• EXERCISE PROMPT: Whatever precedes the line containing "Artworky nových nepřátel" is not copied; that line and every line after it through the final one below are copied exactly, except pictures.

• DATA BLOCK:
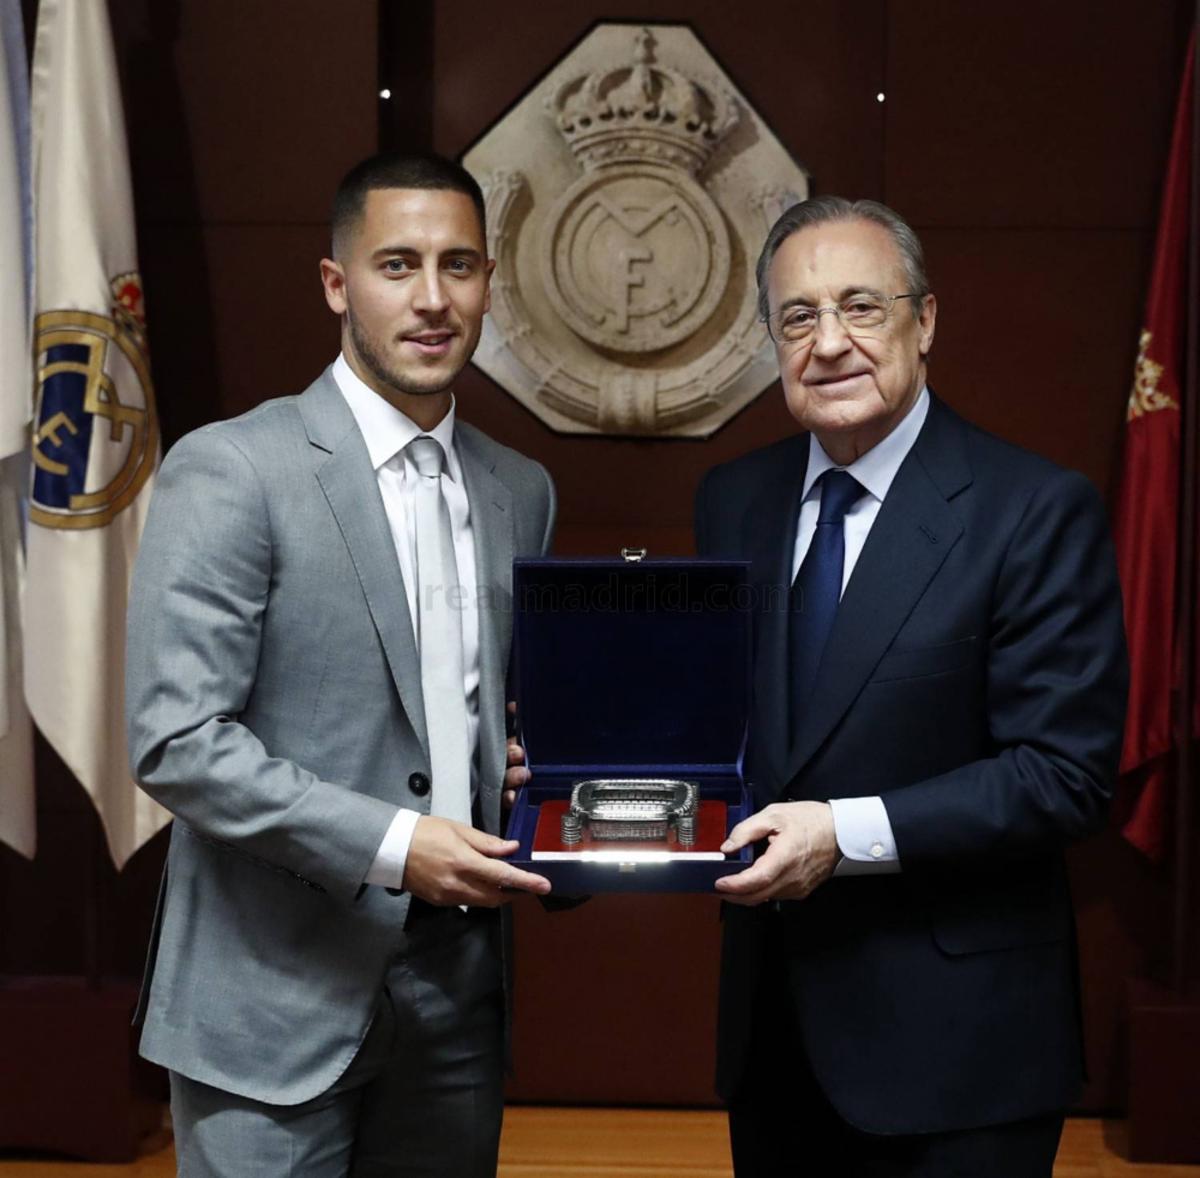 Hazard with Florentino Perez at his presentation.
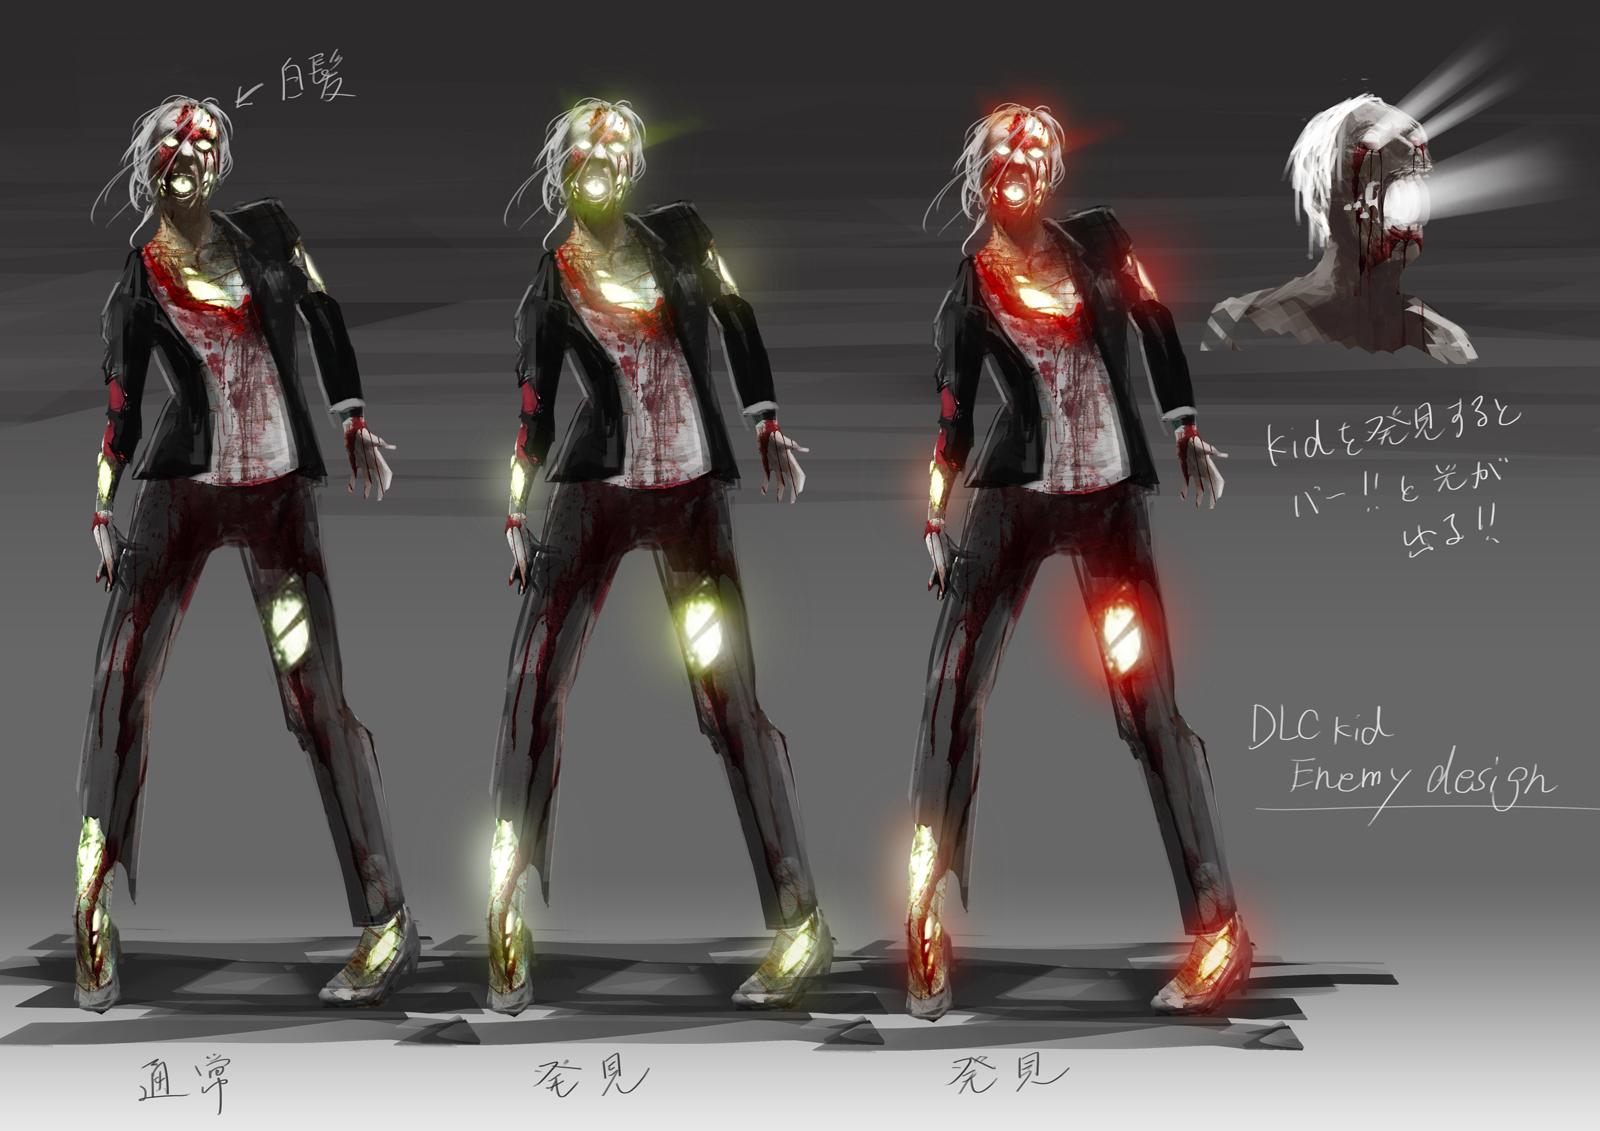 Artworky nových nepřátel v DLC do The Evil Within 106174
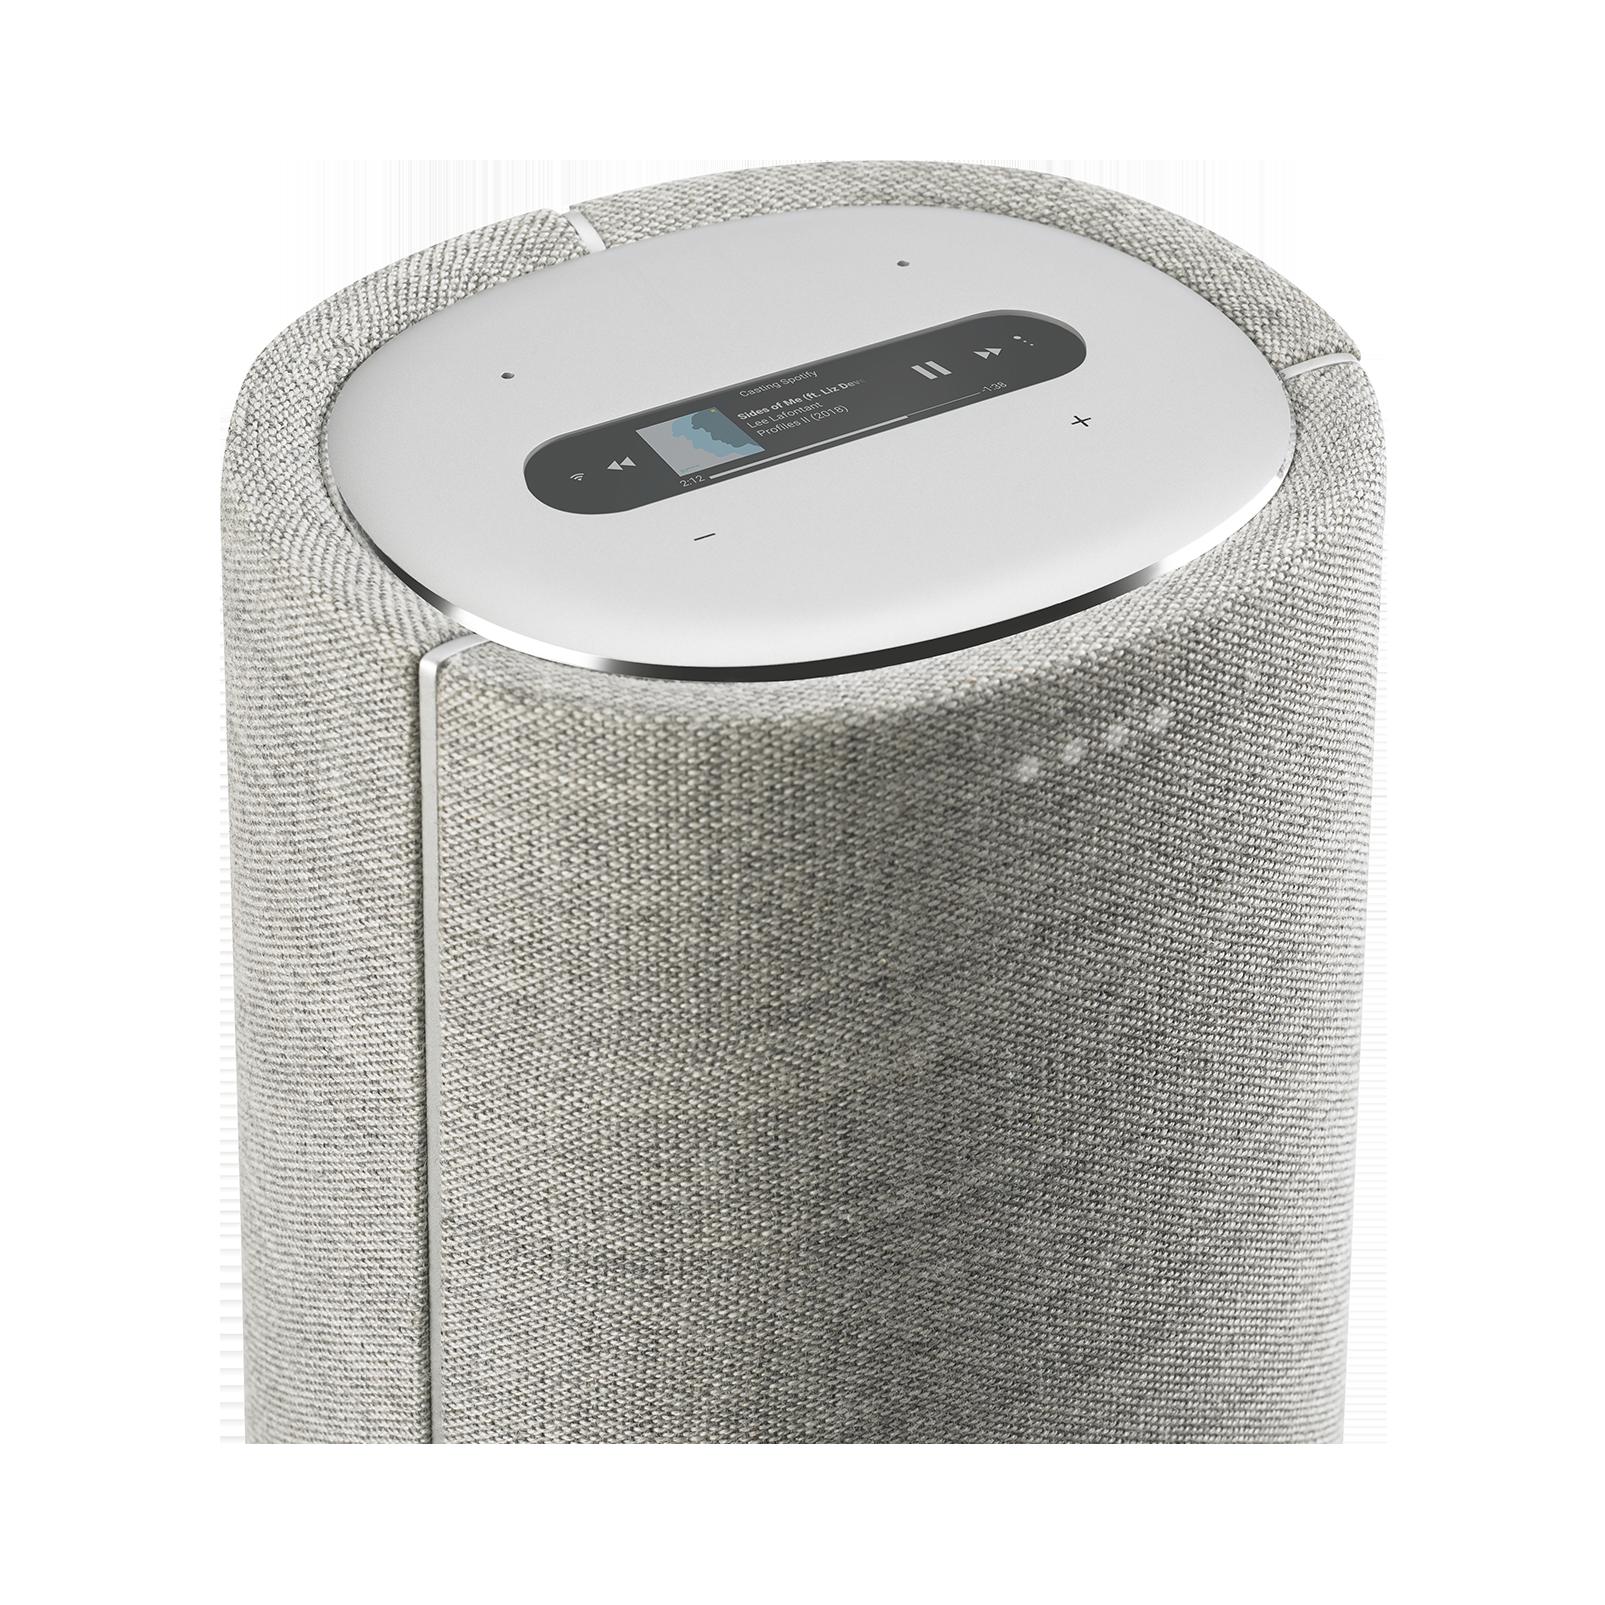 Harman Kardon Citation Tower - Grey - Smart Premium Floorstanding Speaker that delivers an impactful performance - Detailshot 1

• TASK RESPONSE:
 Artworky nových nepřátel v DLC do The Evil Within 106174
 Harman Kardon Citation Tower - Grey - Smart Premium Floorstanding Speaker that delivers an impactful performance - Detailshot 1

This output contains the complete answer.